The work of all Maternal and Child Health Bureau divisions, programs, and staff is in support of the Bureau’s Strategic Plan (2003-2007) for meeting the needs of the maternal and child health populations of the United States and its Jurisdictions. The Bureau focuses—through leadership, performance, and accountability—on accomplishment of five over-arching goals: 1) Provide National Leadership for Maternal and Child Health; 2) Promote an Environment that Supports Maternal and Child Health; 3) Eliminate Health Barriers and Disparities; 4) Improve the Health Infrastructure and Systems of Care, and 5) Assure Quality of Care. The Bureau’s progress—or accountability—toward goal achievement is reported annually.

DSCSHN is one of five divisions of the Health Resources and Services Administration’s (HRSA) Maternal and Child Health Bureau (MCHB). It plays a national leadership role in the development and implementation of comprehensive, community-based, family-centered, culturally competent, coordinated systems of care for children and youth with special health needs (CYSHCN) and their families. DSCSHN also takes the lead in responding to emerging issues for CYSHCN and their families in the U.S. and abroad. It plays an important role in translating genetics research into practice.

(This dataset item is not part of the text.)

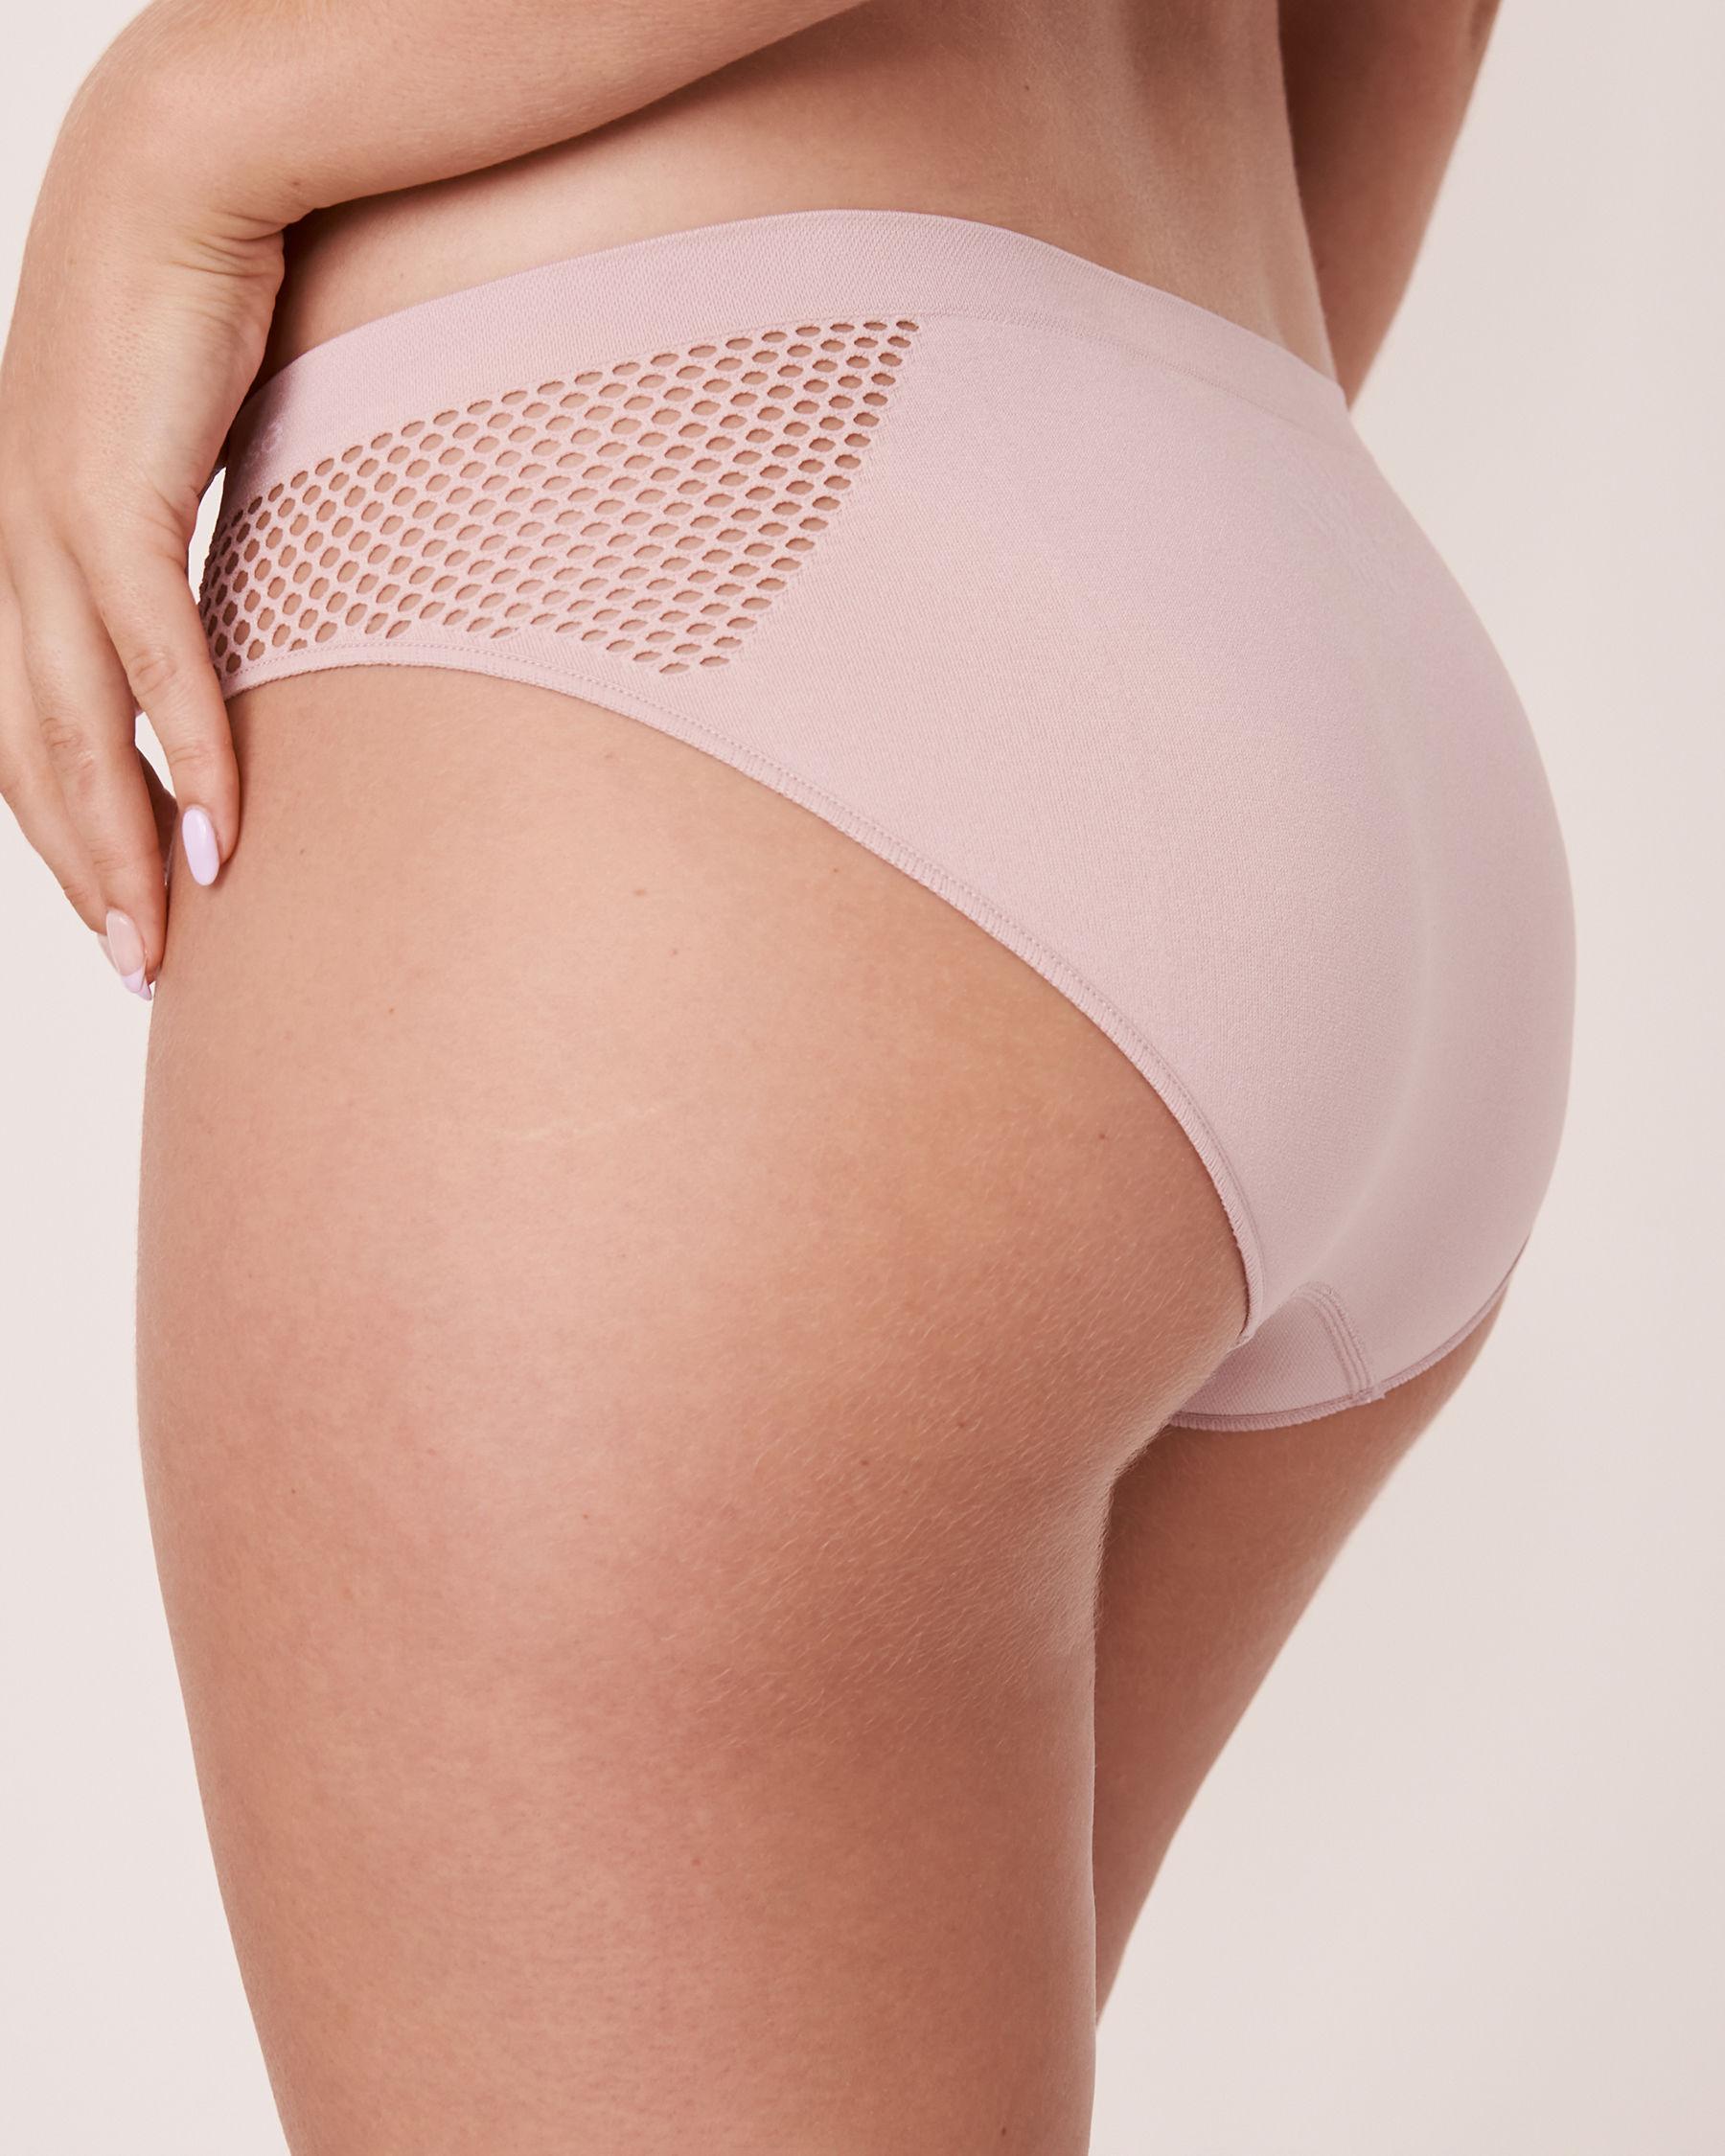 LA VIE EN ROSE Seamless Bikini Panty Lilac 20200084 - View2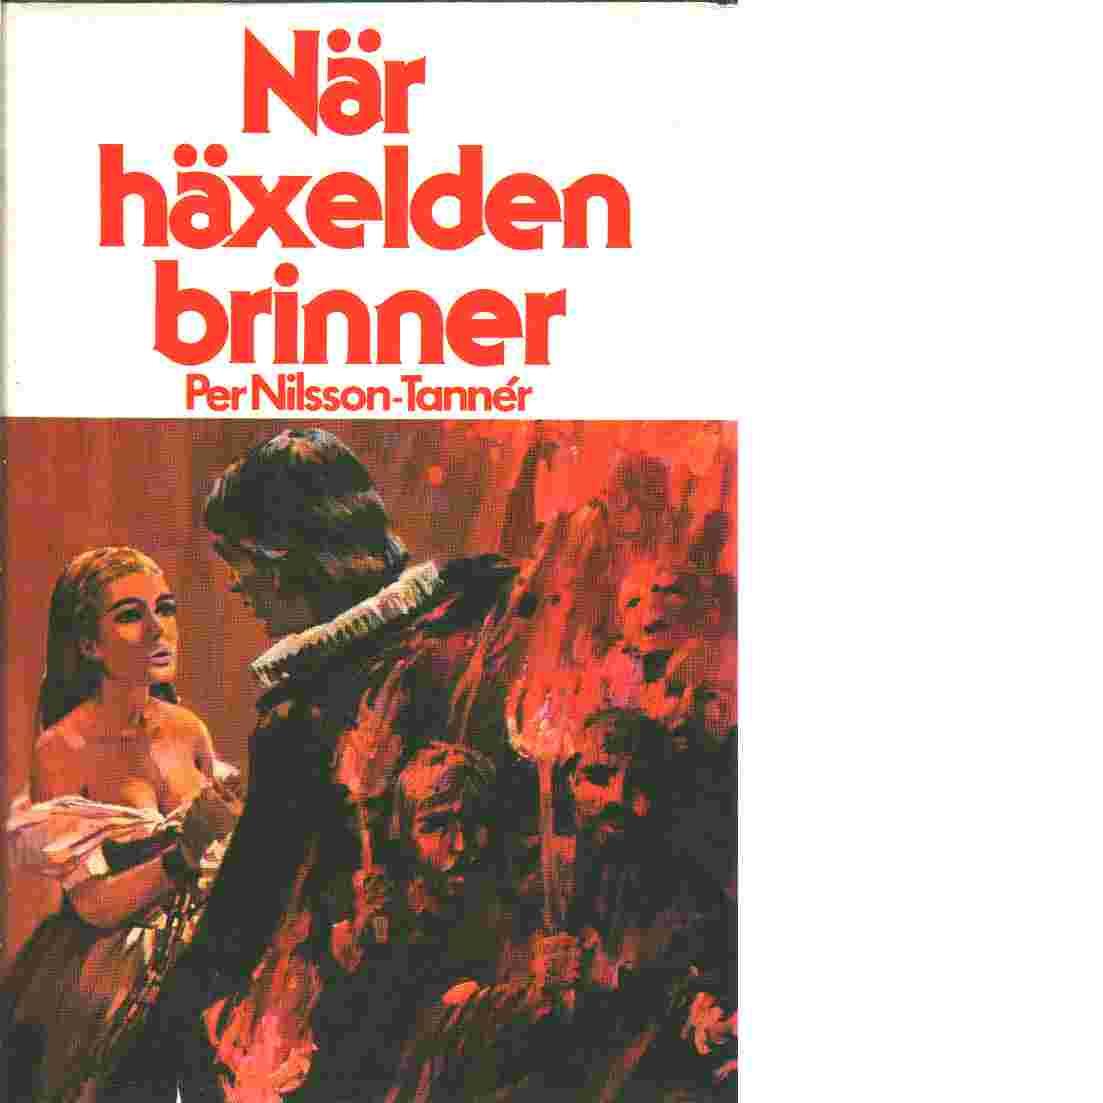 När häxelden brinner - Nilsson-Tannér, Per

Children and youth with special health needs include all children who have, or are at increased risk for, chronic physical, developmental, behavioral, or emotional conditions and who also require health and related services of a type or amount beyond that required by children generally. According to the National Survey of Children with Special Health Care Needs (2001), approximately 12.8% of children and youth under the age of 18 in the United States are estimated to have special health needs. The Division’s Integrated Services Branch (ISB) and the Genetic Services Branch (GSB) work to achieve six critical systems outcomes set out in the Healthy People 2010 National Health Objectives and the President’s New Freedom Initiative to break down barriers to community inclusion for people with disabilities. These include:

  • Family /professional partnership at all levels of decision-making;
  • Access to coordinated ongoing comprehensive care within a medical home;
  • Access to adequate private and/or public insurance to pay for needed services;
  • Early and continuous screening for special health needs;
  • Organization of community services for easy use;
  • Youth transition to adult health care, work, and independence.

INTEGRATED SERVICES BRANCH

The Integrated Services Branch supports the core “systems” framework for the six systems outcomes listed above, and implements these outcomes through both non-categorical and condition-specific programs. 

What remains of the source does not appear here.